I’m a firm believer in getting the most nutritional bang for your buck when it comes to making food choices. It’s one of the reasons I love superfoods so much!
I also believe in making every meal a moment. And it’s a key component in how I coach my clients—understanding that how we eat is just as important as what we eat. Because having a green smoothie and kale salad everyday is great, but not when we’re gulping them down in the car or at our desk in front of a pile of unanswered emails.
Digestion is a complex process that functions best when we’re calm and relaxed—when we take a few deep breaths, look at our food, smell it and truly taste each bite. If we’re stressed, anxious and distracted, we’re not allowing our body to properly break down our meal—which not only leads to less nutrient absorption, but also increased digestive distress, gas and bloating. Not fun!
So, how do I personally make mealtime more mindful? Here are a few insights and ideas to get you started:
Breakfast: My morning coffee ritual is non-negotiable. I’ll get up earlier if I have to—just to sit and be with my thoughts (no phone!) for five minutes while I sip from my favorite mug. If I’m having a smoothie later, I always make sure to CHEW it. So often we gulp them down and end up with a stomachache because we didn’t take the time to prime our digestion and let it know food was coming.
Lunch: When it’s time to break out my salad, I take a few deep breaths and close my laptop first. Without the distractions, you’ll be surprised and how much chewing it actually takes to break down those raw, fibrous veggies.

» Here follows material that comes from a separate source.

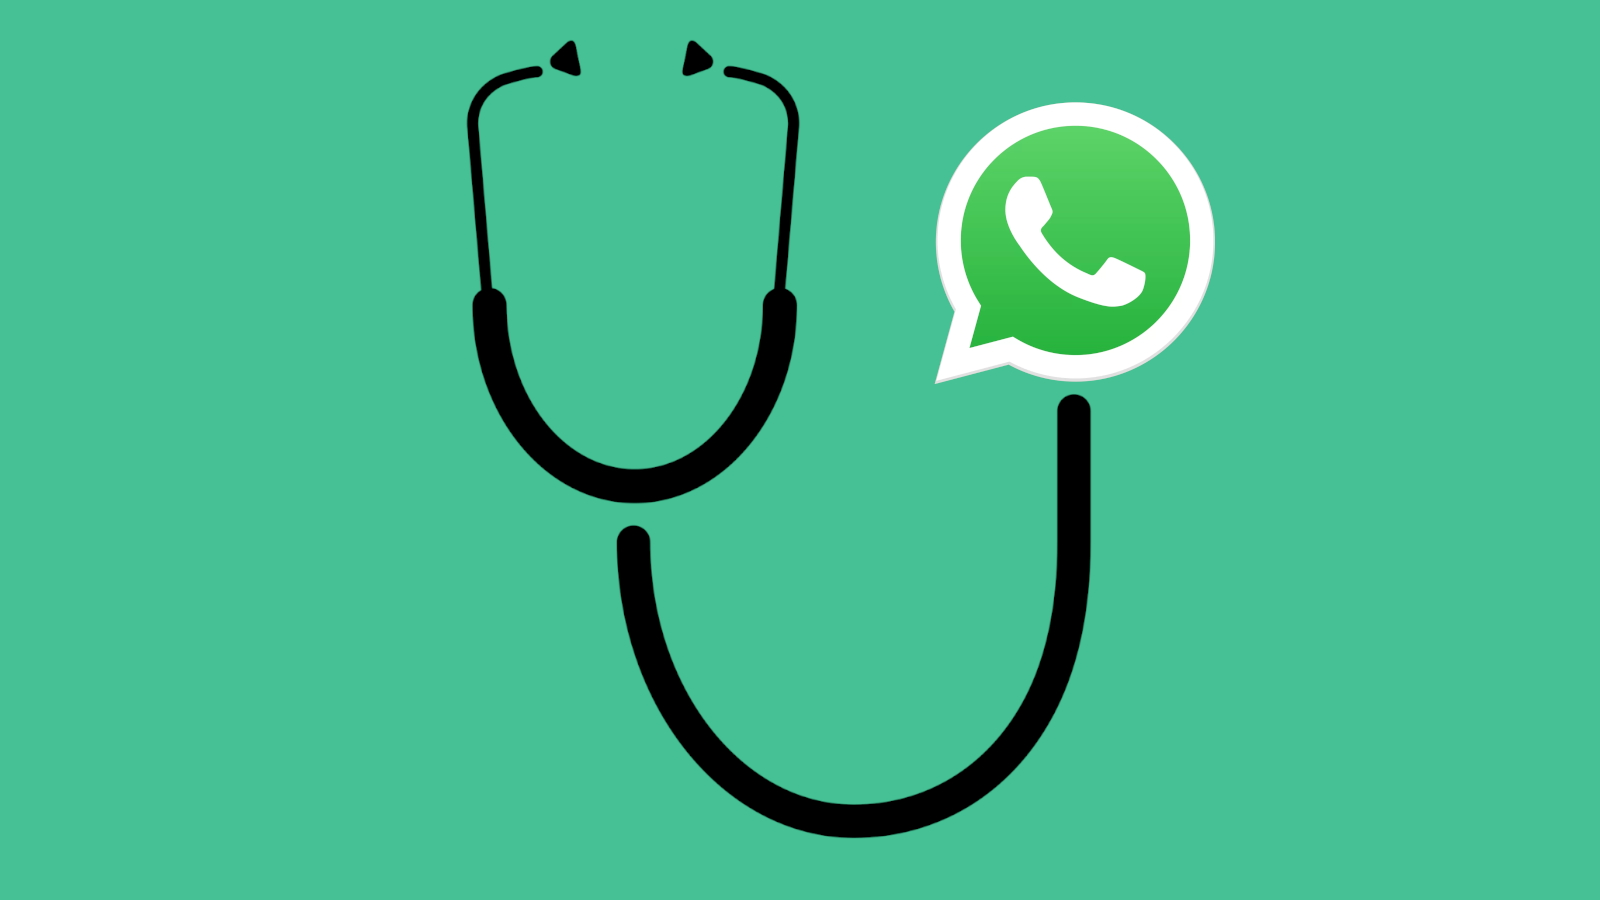 تبدأ وزارة الصحة في استخدام WhatsApp للرد على أسئلة حول فيروس التاجي (COVID-19) 77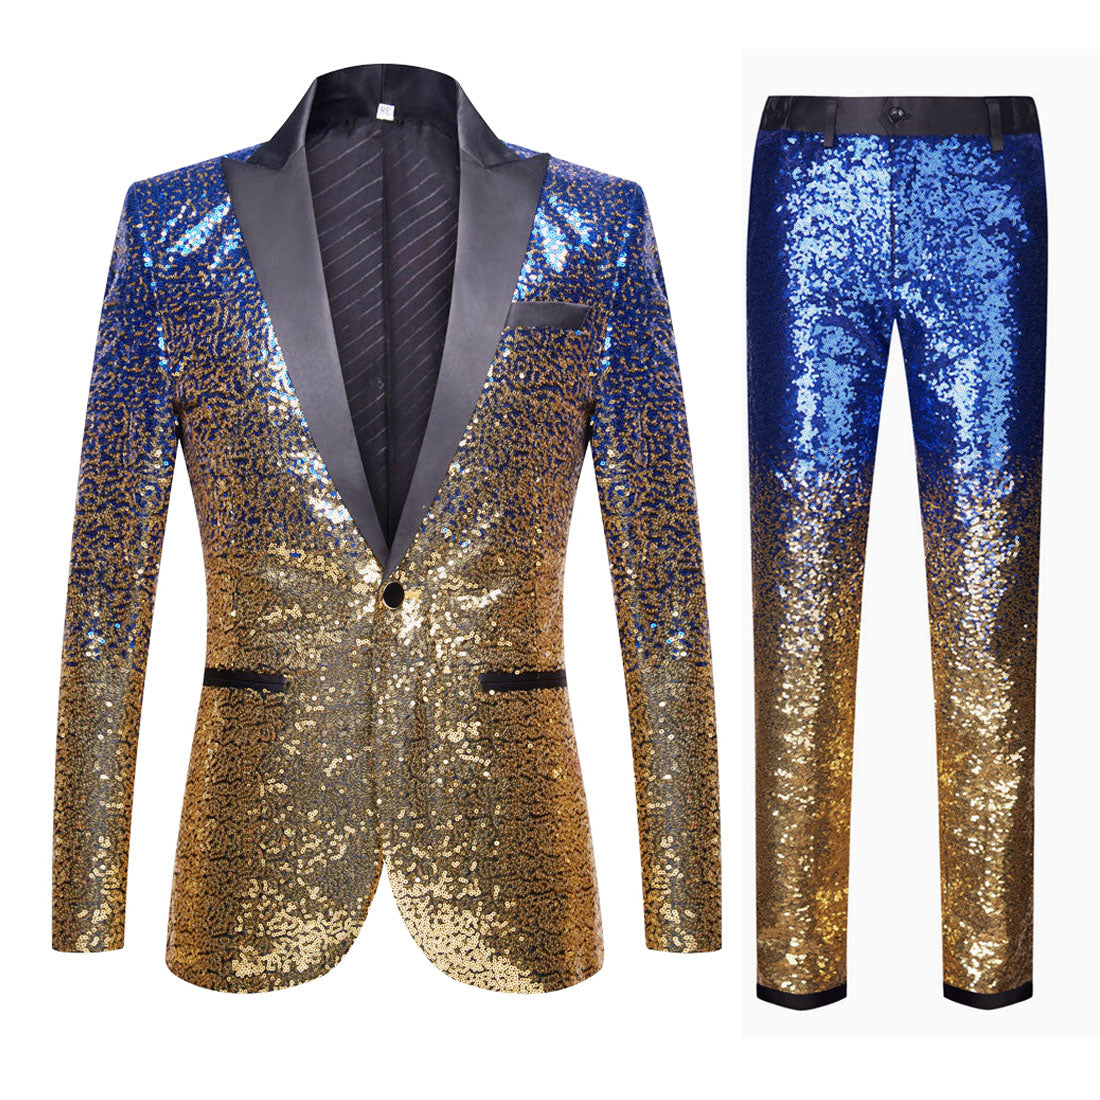 Multicolor Sequins Suit（8 Colors）S8051-2

For clients, I’ll tell them to set a timer and consciously take 10 minutes from first bite to last bite.
Dinner: Growing up, my mom was always adamant about the "no TV at dinner" rule, and now I uphold the policy in my own home. My husband and I also say a simple grace as a way to pause and reflect on the day—to shift the momentum, slow down and reconnect with both each other and our food.
It took me a while to put these practices consistently into place. My advice is to be kind to yourself and pick one meal each day as a starting point. Turn off your phone, computer and TV for a good five minutes. Then pause, take a few deep breaths, be thankful for the nourishing food you’re about to eat and chew—putting your fork down between bites helps.